> [How to complete this task]
The answer must consist solely of the lines below starting at the one containing "Chaise DCM Charles" and ending at the one containing "Cranberry mojito in", repeated exactly, with both ends included and all pictures omitted.

> [Information supplied]
=== Section Start ===

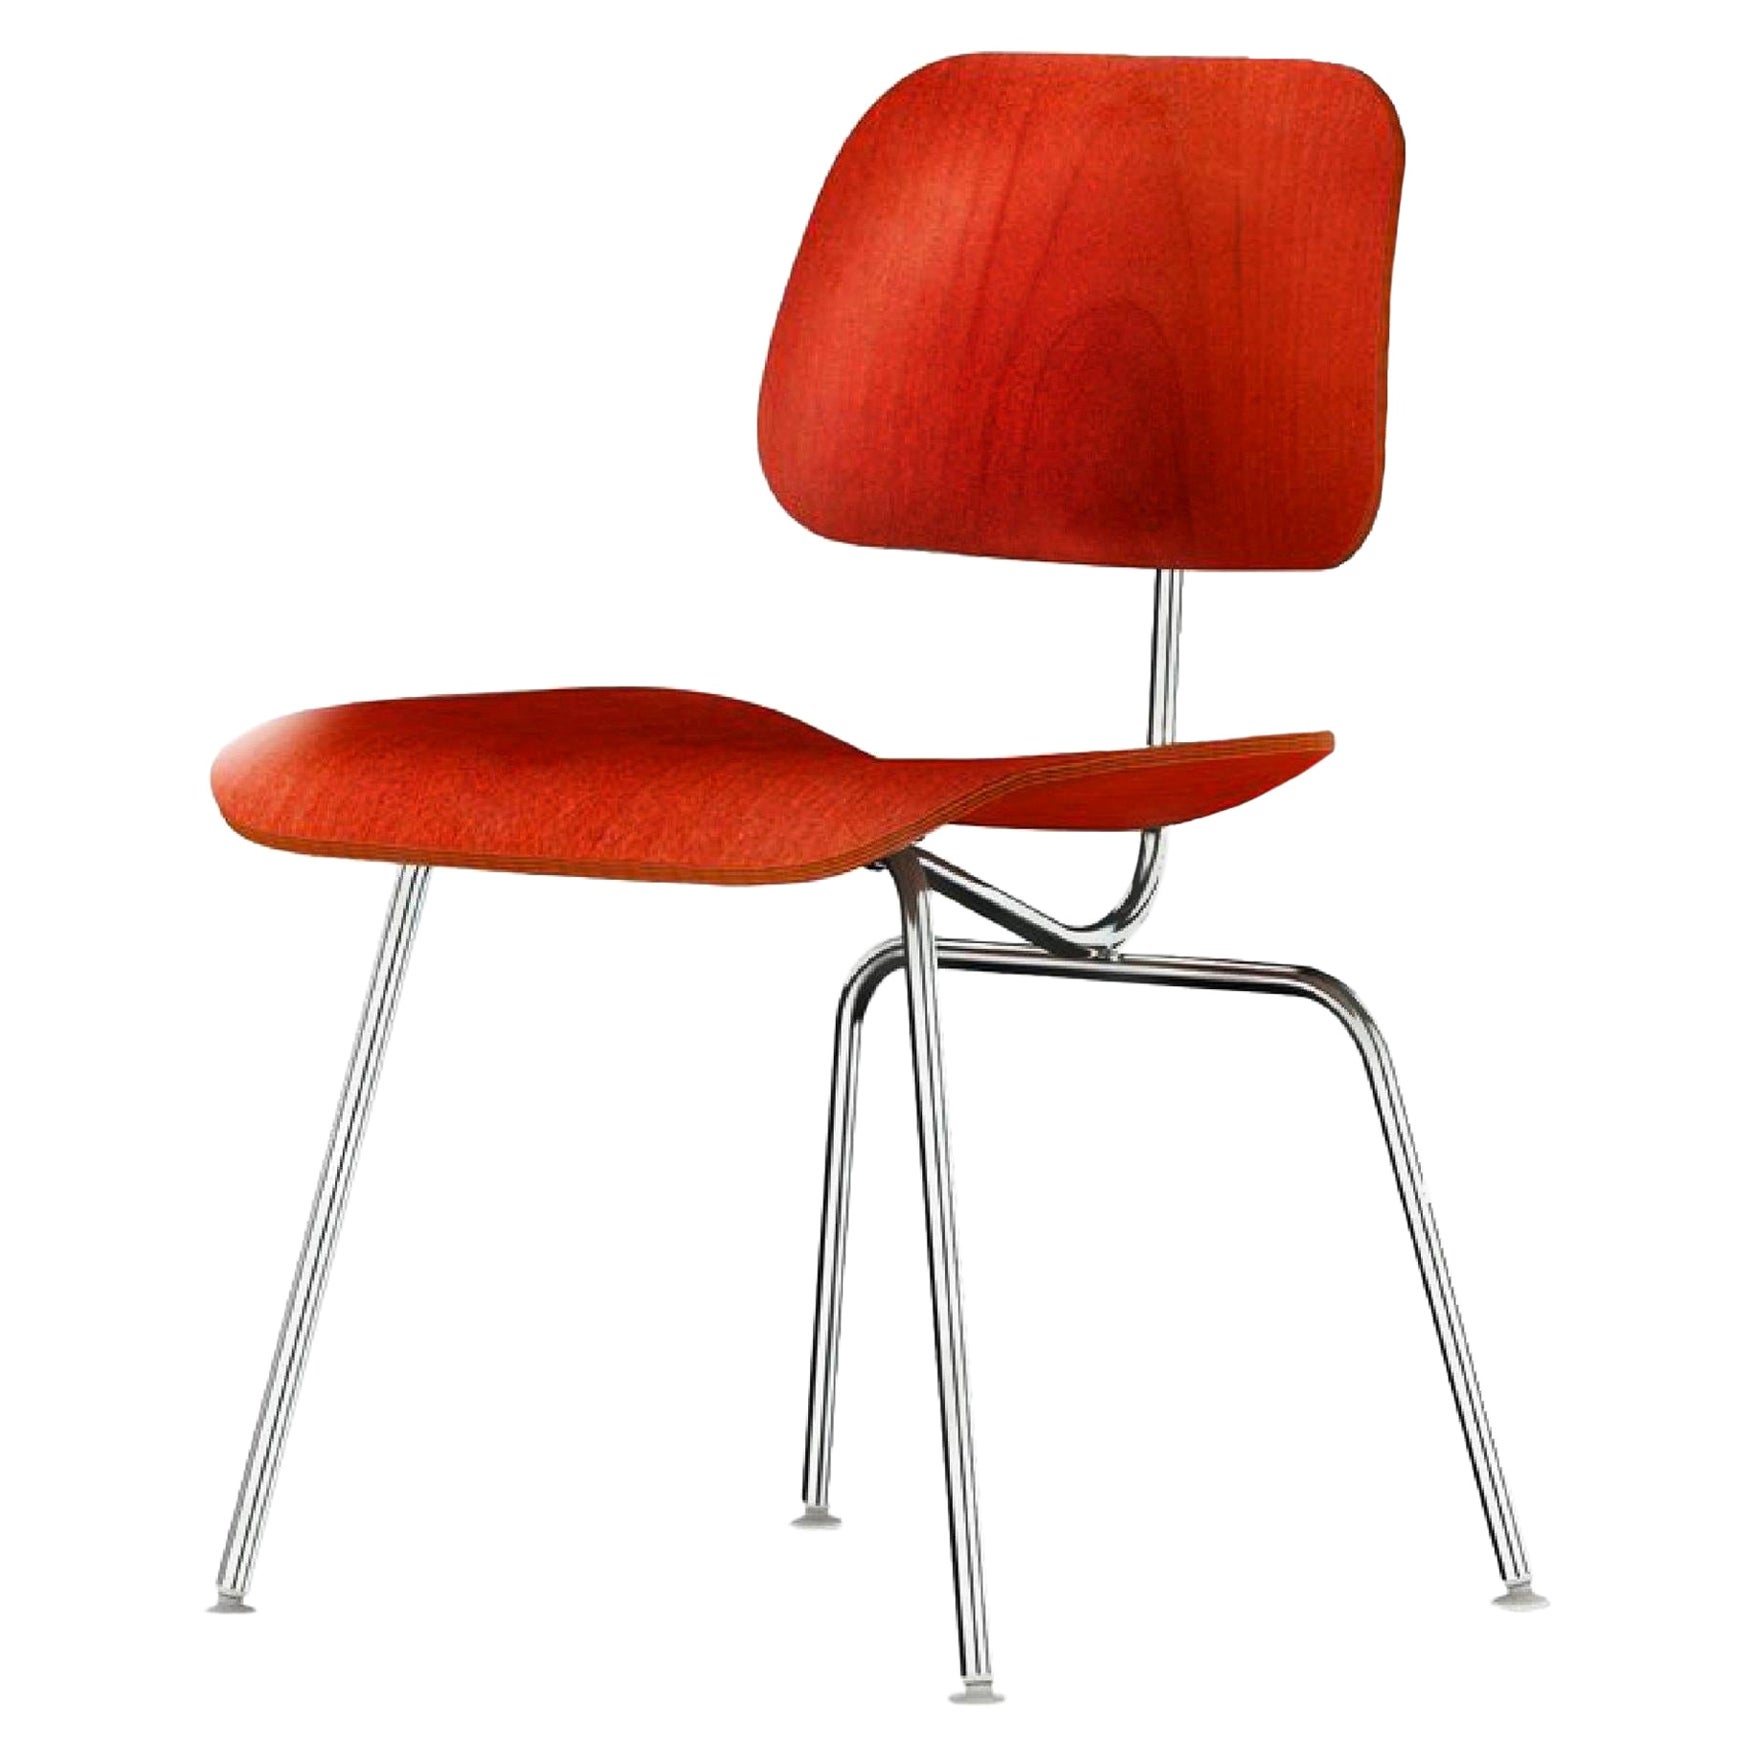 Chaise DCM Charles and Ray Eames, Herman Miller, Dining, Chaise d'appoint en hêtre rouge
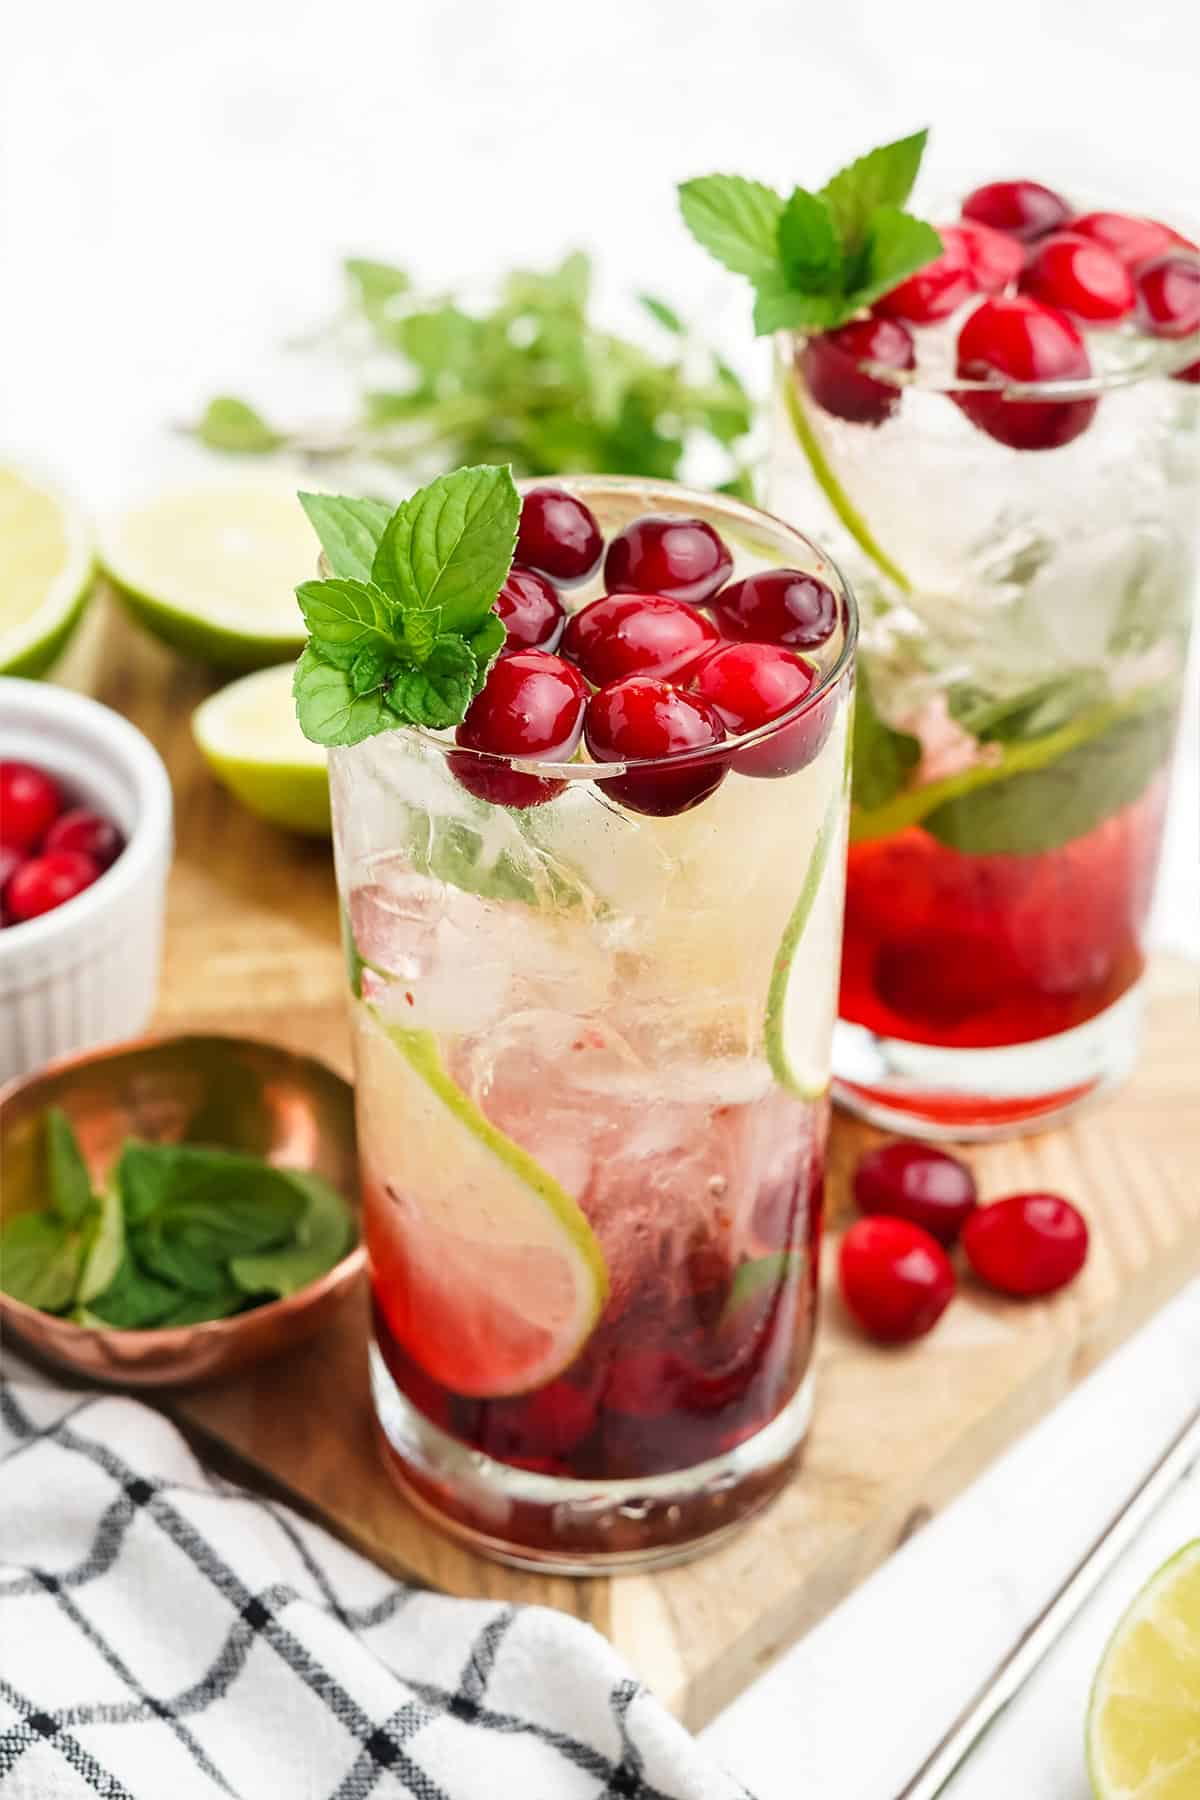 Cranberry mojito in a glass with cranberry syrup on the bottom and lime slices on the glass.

=== Section End ===
=== Section Start ===

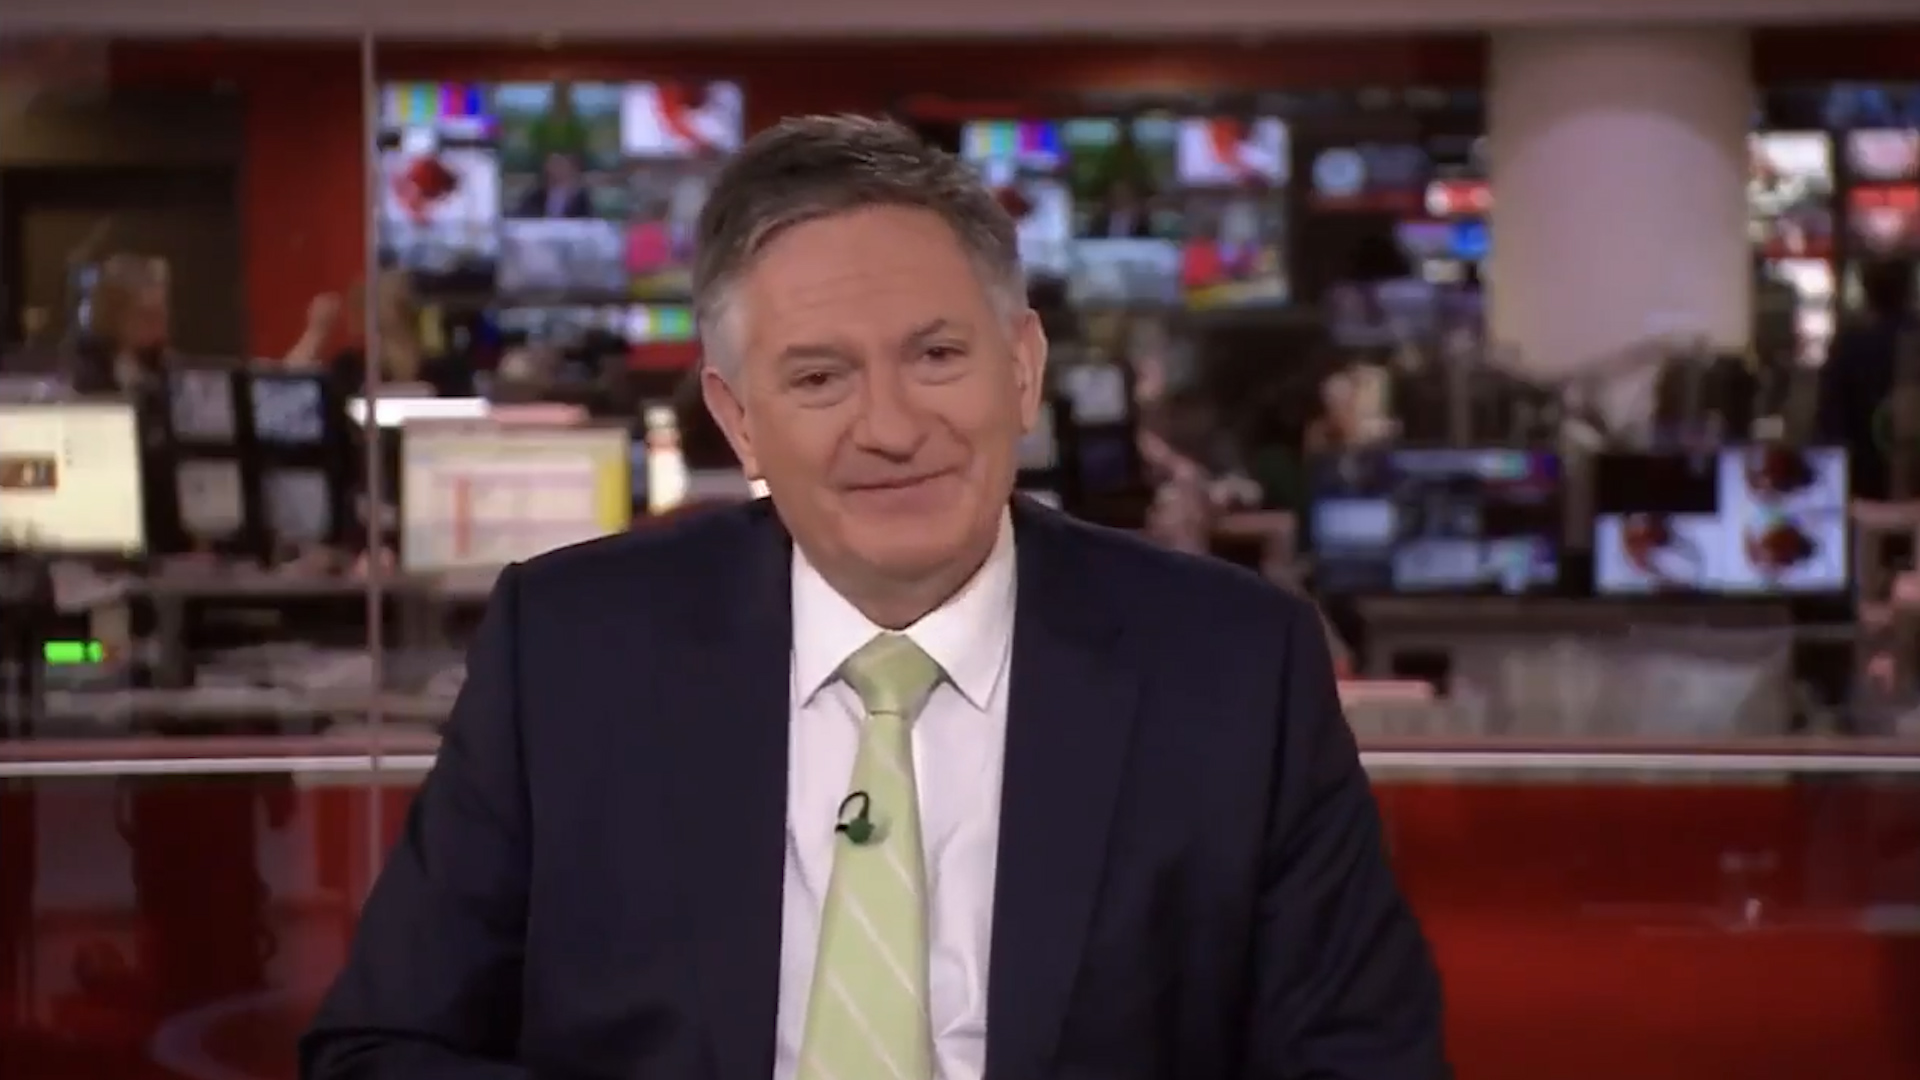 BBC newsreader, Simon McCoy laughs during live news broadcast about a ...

=== Section End ===

> [Answer to this problem]
 Chaise DCM Charles and Ray Eames, Herman Miller, Dining, Chaise d'appoint en hêtre rouge
 Cranberry mojito in a glass with cranberry syrup on the bottom and lime slices on the glass.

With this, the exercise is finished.